Conservatives were found to be most supportive of Israel’s annexation plan. Half of Conservative supporters think that Canada should either support the plan (27 percent) or do nothing (25 percent). Another 32 percent of Conservatives said Canada should express opposition, and 16 percent said Canada should impose sanctions.

Among Canadians aged 18 to 35, an “overwhelming majority” want Canada to oppose Israel’s plans, the poll suggested: 59 percent of respondents in that age group said Canada should impose sanctions on Israel, and 24 percent said Canada should express opposition but take no other action.

Imposing sanctions on Israel was the “clear preference” for a majority of those who support the NDP (68 percent); Green Party (59 percent), and Bloc Quebecois (54 percent).

Supporting sanctions on Israel was most popular with Canadians who have higher levels of education, but Canadians of all education levels favoured sanctions over the other options, the survey found.

The poll results “demonstrate that the Trudeau government would have strong majority support if it opposed the annexations, and considerable public support to go further and impose sanctions on Israel.
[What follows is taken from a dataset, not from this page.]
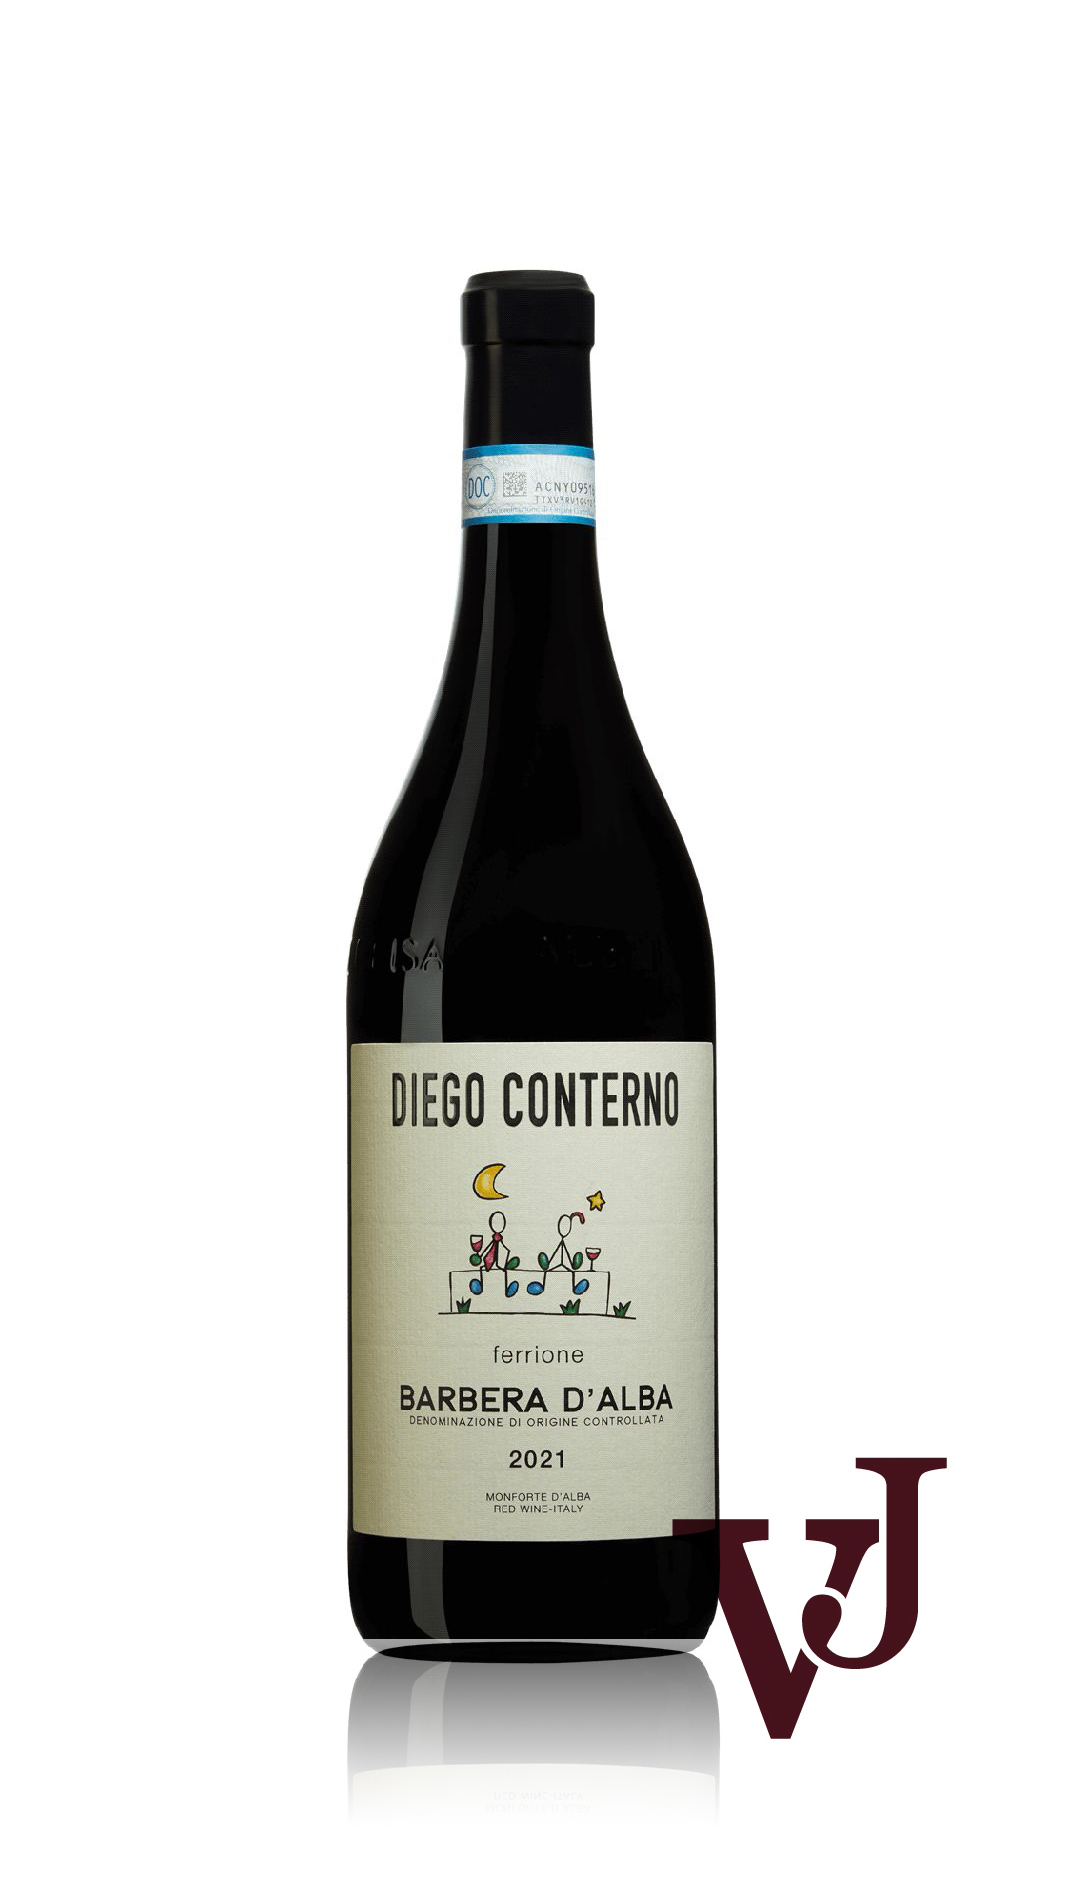 Rött vin - Barbera d'Alba Ferrione Diego Conterno 2021 artikel nummer 9284401 från producenten Diego Conterno från Italien

In fact, from a political standpoint, it would be risky for the Trudeau government to stay quiet in the face of this violation of international law planned by Israel.”

Listed as investigators and authors of the survey are Michael Bueckert, Thomas Woodley, and Grafton Ross of Canadians for Justice and Peace in the Middle East; Sheryl Nestel and Stanislav Birko of Independent Jewish Voices Canada; and Ken McEvoy of United Network for Justice and Peace in Palestine-Israel.
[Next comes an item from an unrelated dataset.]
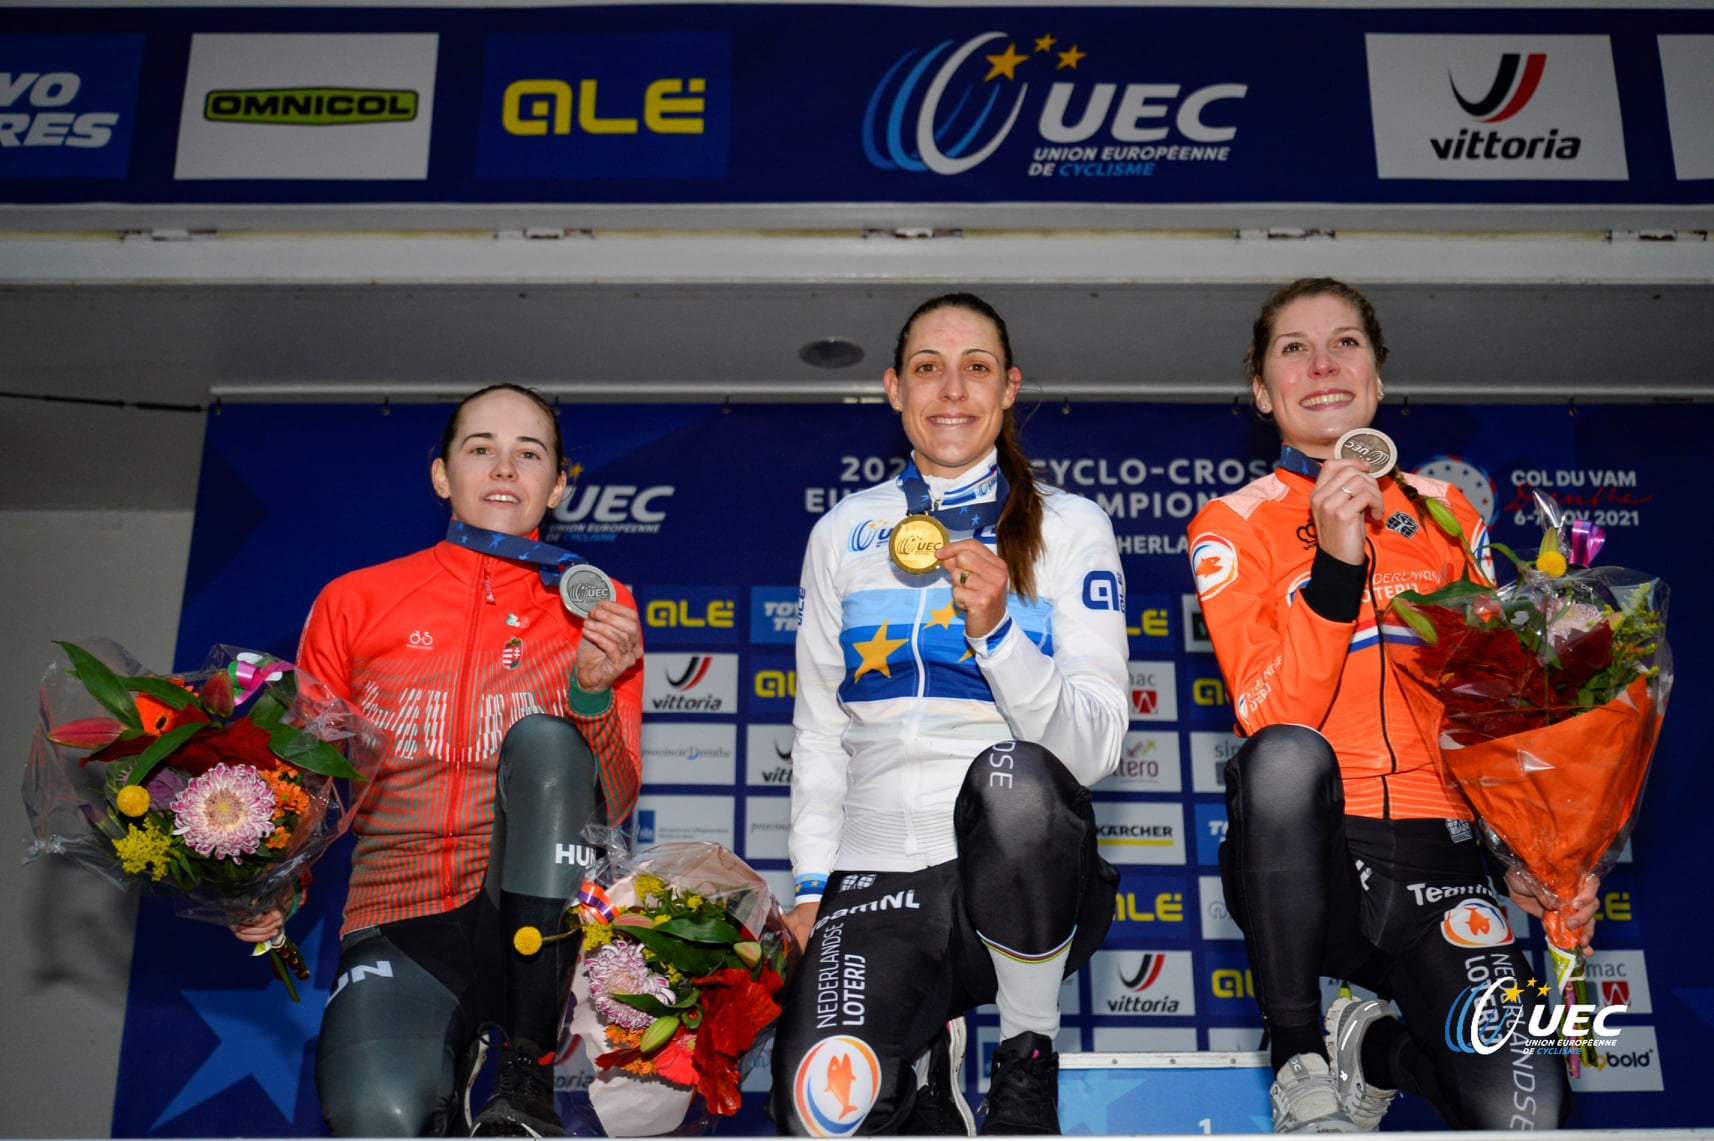 Il podio del Campionato Europeo ciclocross Donne Elite 2021 a Col du Vam (foto UEC/BettiniPhoto)

As with at least one other past survey conducted by pro-BDS groups, this latest one was dismissed by the Centre for Israel and Jewish Affairs as weighted to arrive at certain conclusions.

“Predictably,” questions were “intentionally biased to skew the answer,” Shimon Koffler Fogel, president and CEO of CIJA, told the CJR.

By “prejudicially” characterizing the lands in question as “Palestinian,” and stating that Israel plans to “formally incorporate” them, the poll’s questions “telegraph to the respondent that the territory is incontrovertibly Palestinian [and is] being stolen by Israel, and [is] not disputed.”

In doing so, “the poll seeks to exploit a generic tendency on the part of Canadians to express support for the perceived underdog,” Fogel noted.

Notwithstanding the “serious deficiencies” in the survey questions and the “dubious” motivations of the report’s sponsors, “a majority” of Canadians have indicated their opposition to any changes to Canada-Israel relations, Fogel said.

An extensive Environics survey conducted last year found a plurality of respondents endorsed Canada’s level of support for Israel, but a “significant” minority said it was not supportive enough.

However, that was before Israeli Prime Minister Benjamin Netanyahu announced plans to unilaterally annex about 30 percent of the West Bank by July 1.

The latest poll comes as more than 100 prominent Canadians – former diplomats and cabinet ministers, as well as rabbis, academics, authors, and human rights advocates – signed letters asking the government to forcefully oppose Israel’s proposed annexation.